457 schools below Bain levels

The GMB Union has identified 457 primary and secondary schools across all the different sectors that are below the Bain thresholds, full list here (pdf file). In addition to pupil numbers “social, economic and quality of education issues” will be included in the decision-making process to maintain, amalgamate or close.

  • Yokel

    This is going to get bitter. There has to be closures.

  • Bob Wilson

    Some of these enrollments are incredibly small. This has obviously something that has been developing over a long period of time – with no one having the guts to tackle it.
    The question is this. In many rural areas where there are currently 2 (or more) schools i.e. from both sides of the divide and they all face closure will the authorites faciliate merger on one site.
    Or will the Catholic church insist on ‘bussing’ their kids away to maintain segregation?
    Ironic that bussing was used to end segregation in the US….

  • Nevin

    Another Church v State tussle?

  • David


    Would someone please tell the Belfast Telegraph that it is spelt “grammar” not “grammer”….

  • Greenflag

    Brilliant news .At long last NI has found a solution to it’s inherent sectarian problem . Have no children or very few – A stroke of genius -This means fewer and eventually no bigoted adults and will provide plenty of opportunities for Polish and other immigrants.

    BTW -Was this SF or DUP policy or was it both !
    No children – no economy -no economy – no State –

    Maybe the London Times could do a reprintof it’s famed ‘headline’ of 150 yrs ago on the imminent demise of the Gael thanks to the Famine and mass emigration ? The update would of course have to be amended to the imminent ‘demise’ of the “Northern Green and Orange tribes “as they finally tire of their innate sectarian natures and do the rest of Europe and the world a favour ?

  • Alan

    Good to see all of the sectors getting shake in this list.
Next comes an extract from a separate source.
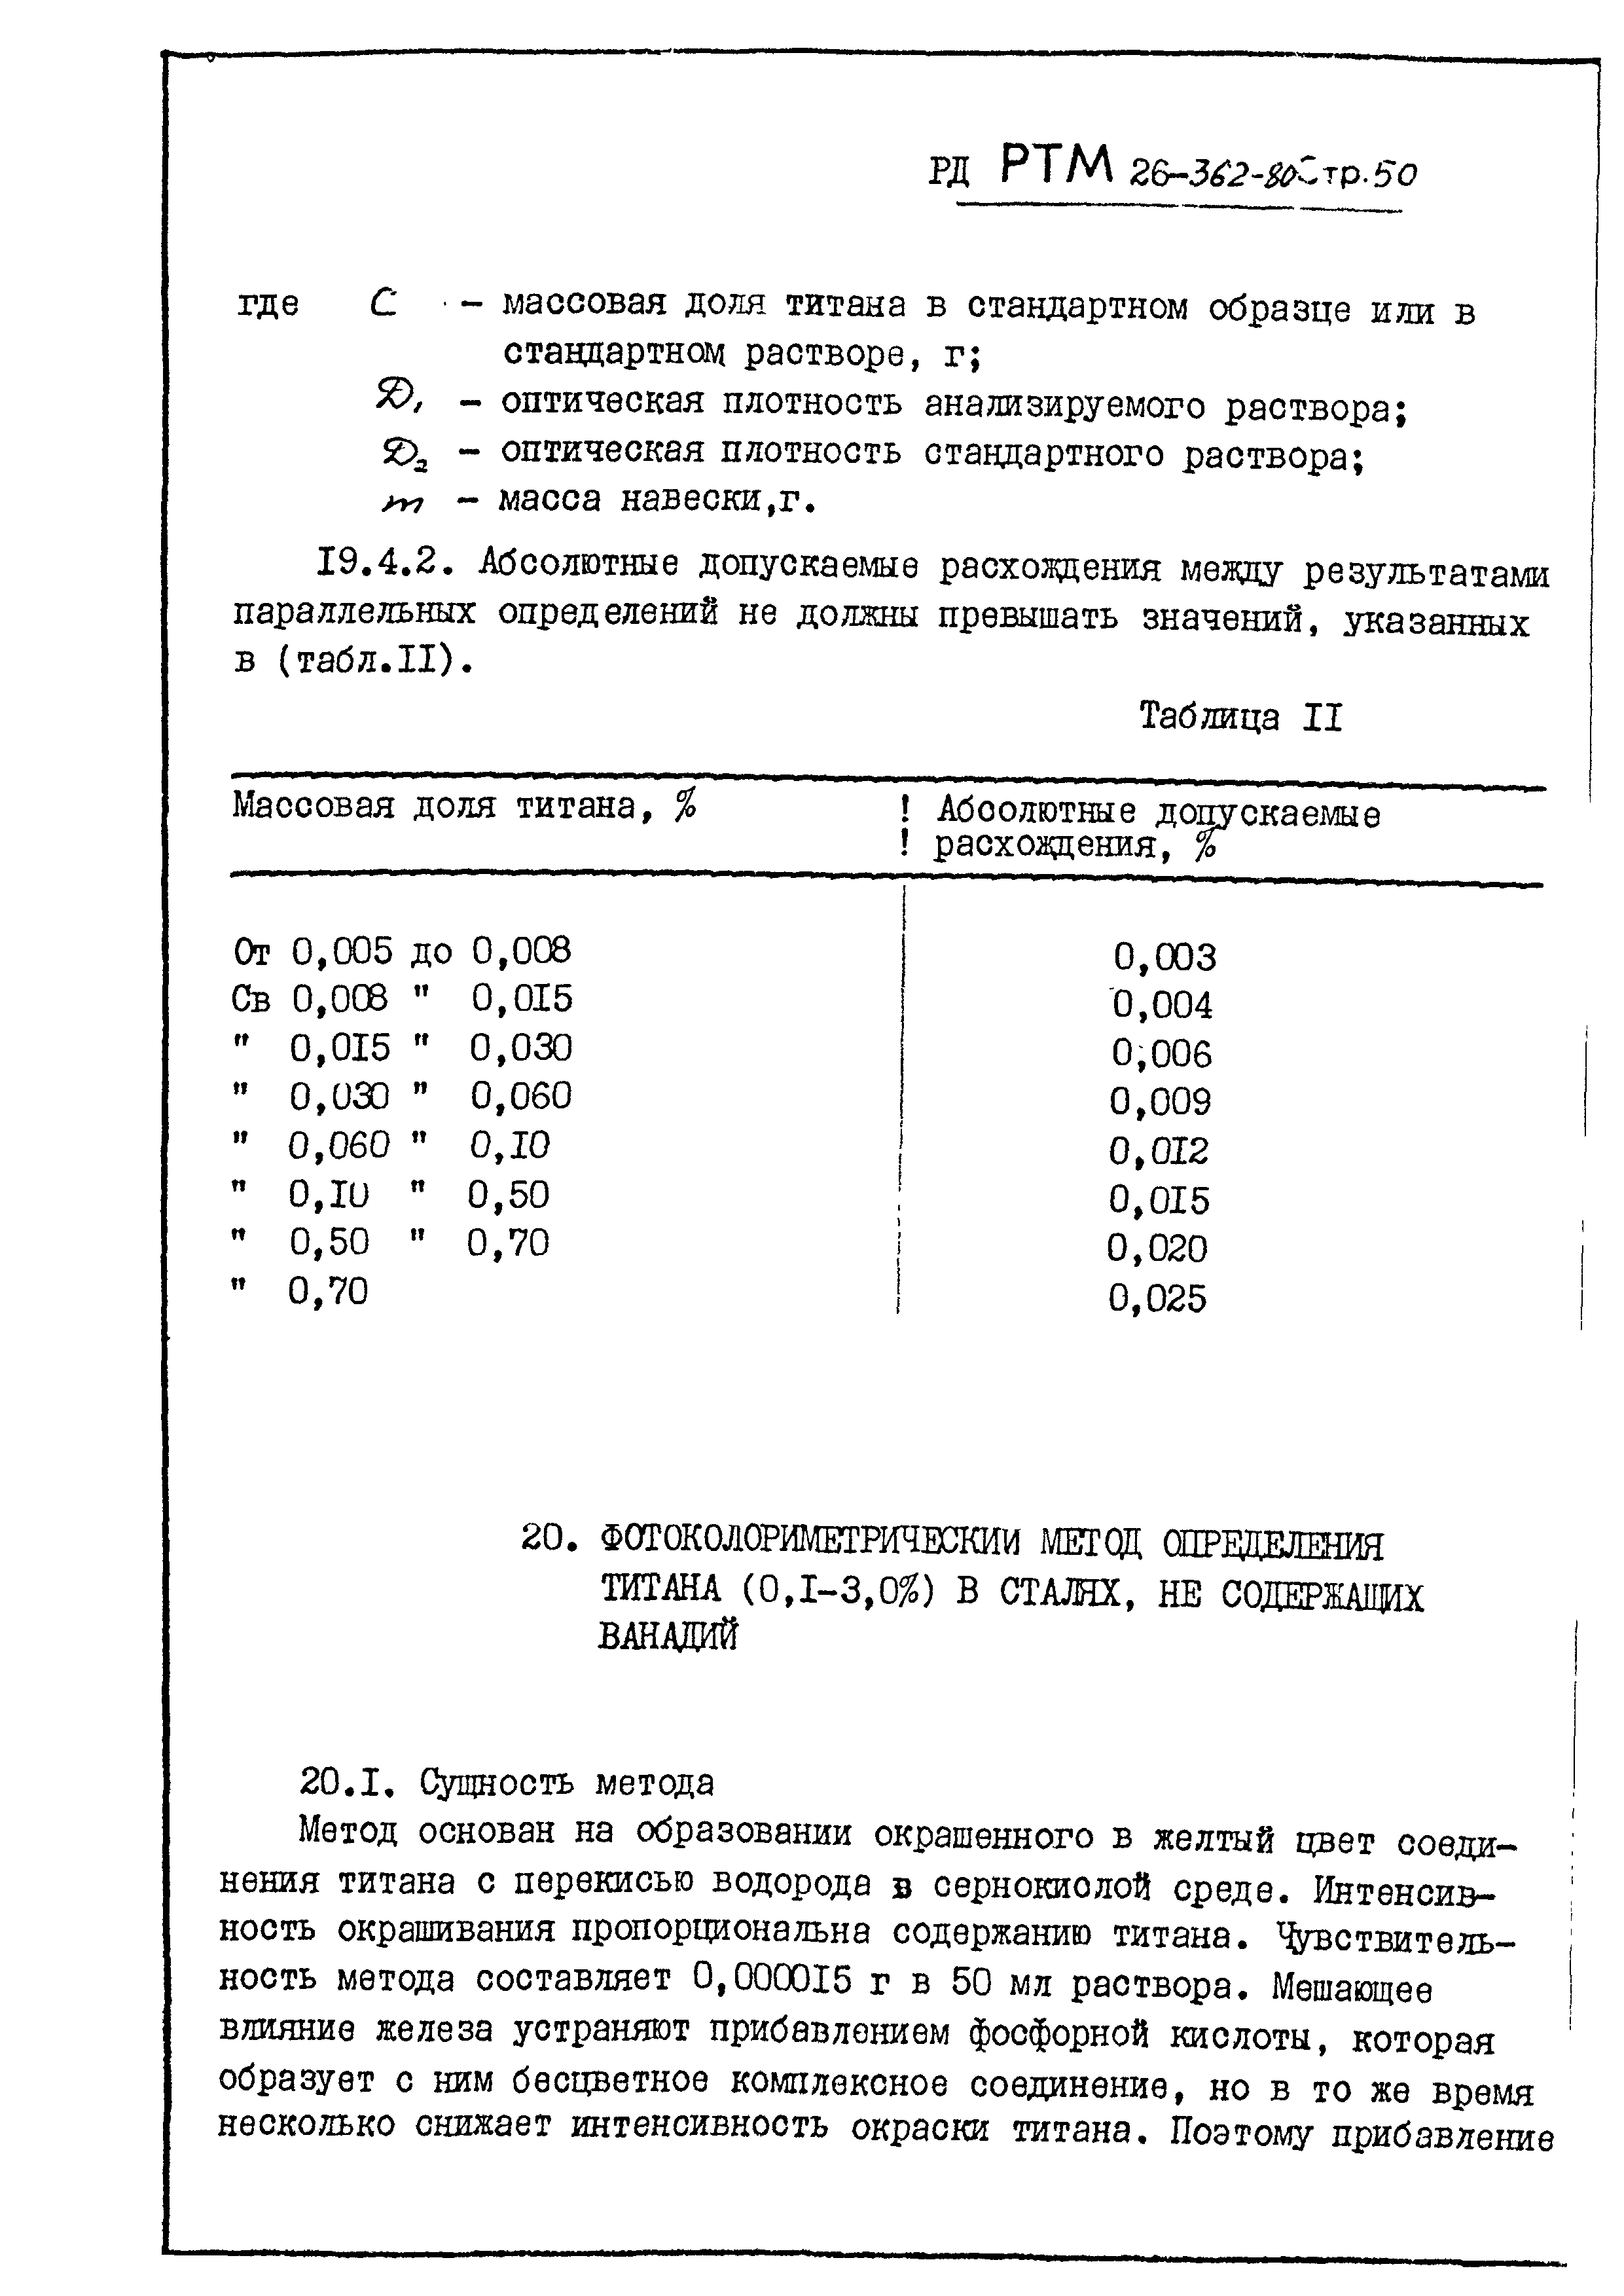 РД РТМ 26-362-80
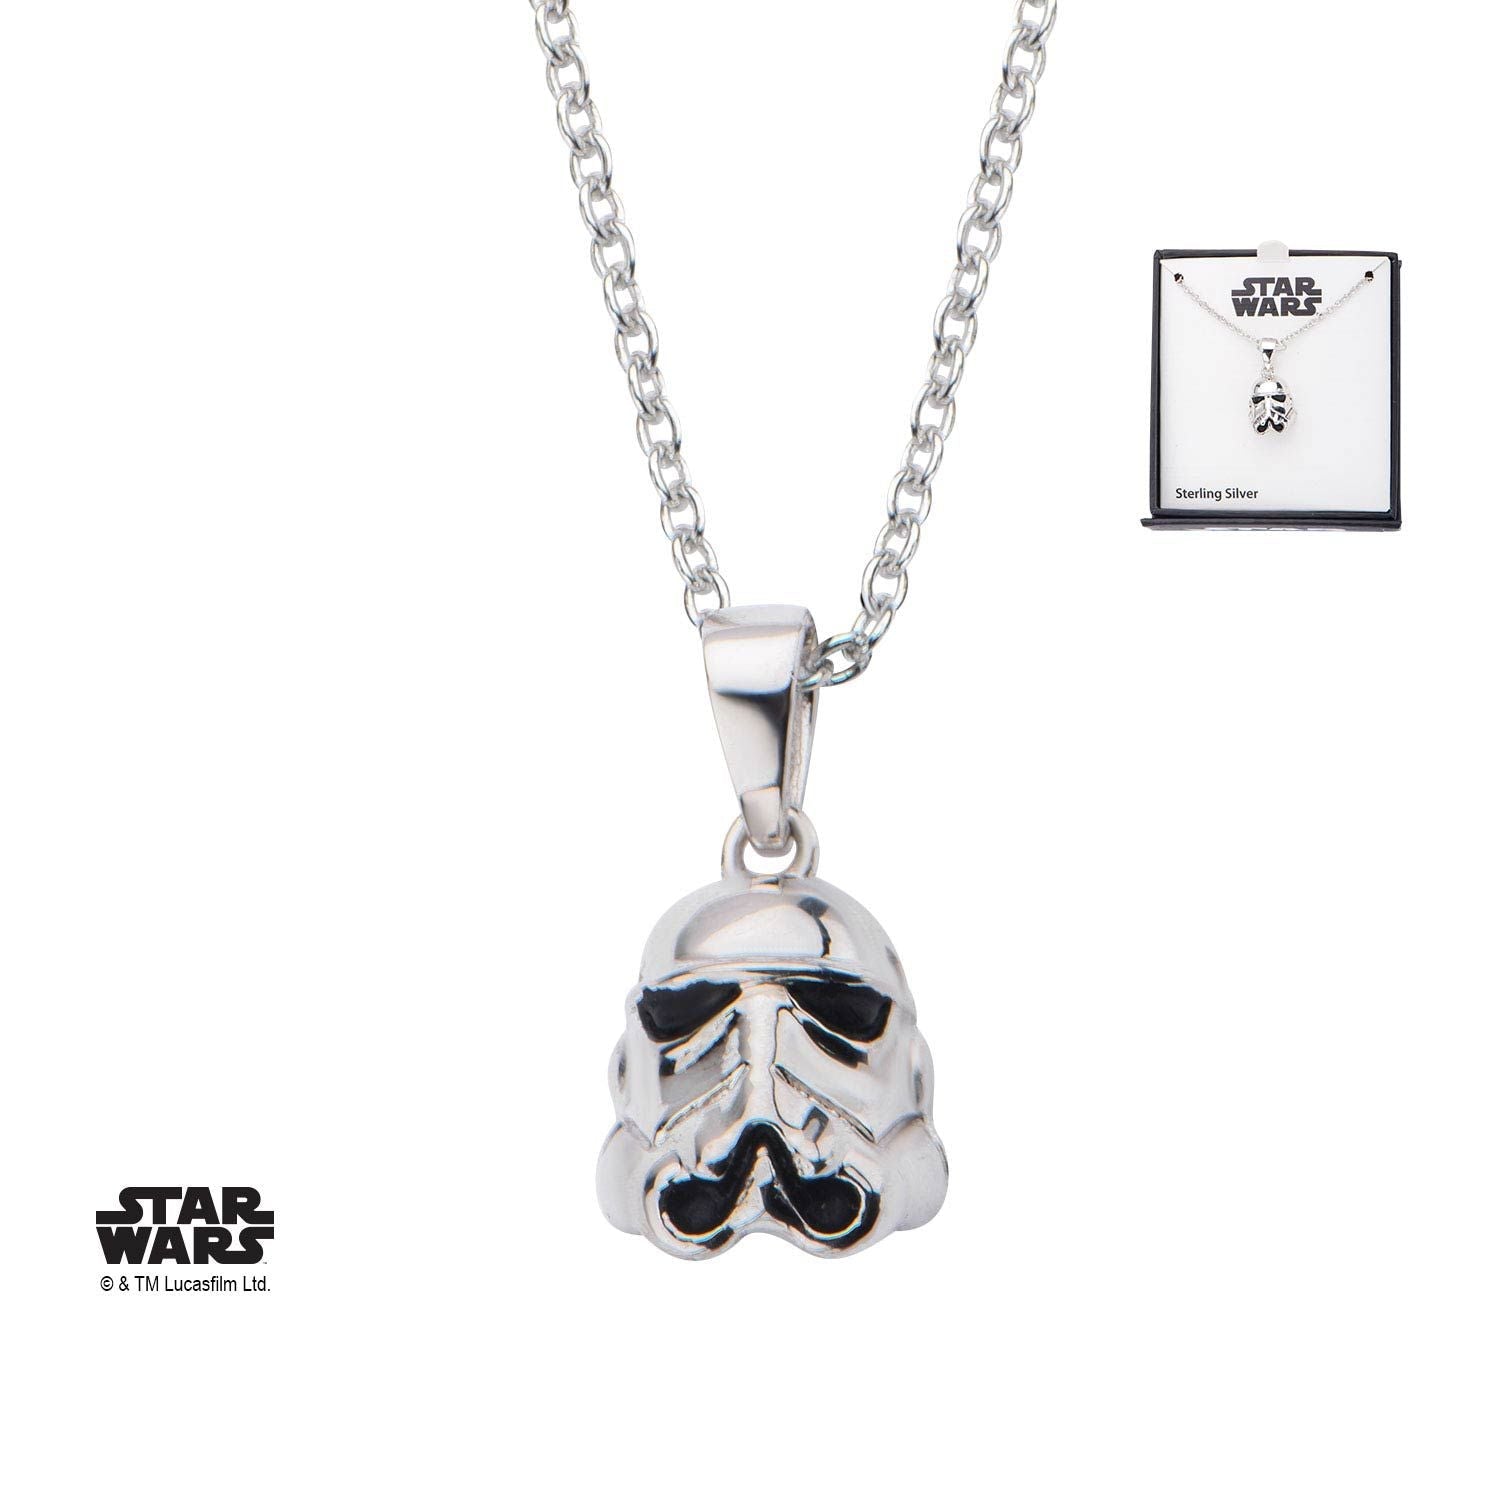 Star Wars 3D Stormtrooper Pendant Necklace, 925 Sterling Silver - Rebel Bod

Bob’s point is well made – whoever gets the Education portfolio will have a job banging educational heads together ( so to speak !).

    Some of the Integrated schools do, however, have planned development over a number of years, so the numbers are expected to increase.

  • mcgrath

    Merge the small schools in each town / district. Kick the churches out. Anyone who doesn’t like it can pay to send their child to a church funded school. We will soon see what value the segregationalists place on their children’s religious education when they have to pay directly for it.

  • Bob Wilson

    I do hope the integrated movement drops its fixation with creating new phyiscal schools and adopts a strategy of buying old school premises from the state (RC Church is too canny and rich to sell theirs off – anything to halt integration is their motto)in areas where IF each ‘side’ opted for ONE school it would be viable.
    This could transform education in NI in a decade.

  • Elvis Parker

    ‘whoever gets the Education portfolio will have a job banging educational heads together ‘
    Unfortunately it will likely go to SF or DUP who thrive on division and sectarianism – so any radical ideas like Bob’s suggestion for mergering will get nowhere.
    SF and DUP will ‘bus’ to retain ethnic purity!

  • fair_deal


    A single system is DUP policy

  • willis

    If Sinn Fein can cross the policing rubicon, why cannot the heirarchy cross the integrated schools one?

  • willis

    A post at last! I’m sure this has been answered elsewhere, but what went wrong with the code word?

  • David Ford

    Bob Wilson

    Not fair to state that integrated movement is fixated on new buildings. In every case, they must see if a transformation is possible before a new build is considered.

    That’s why the Minister refused an Antrim College proposal this year, on the basis that an existing school was said to be ‘considering’ transformation (though nothing official has been done).

    At least Bain is forcing a look at the future of education strategically. You are quite correct that rationalisation must be done geographically, not sectorally – something which the last three Education Ministers have conspicuously failed to do.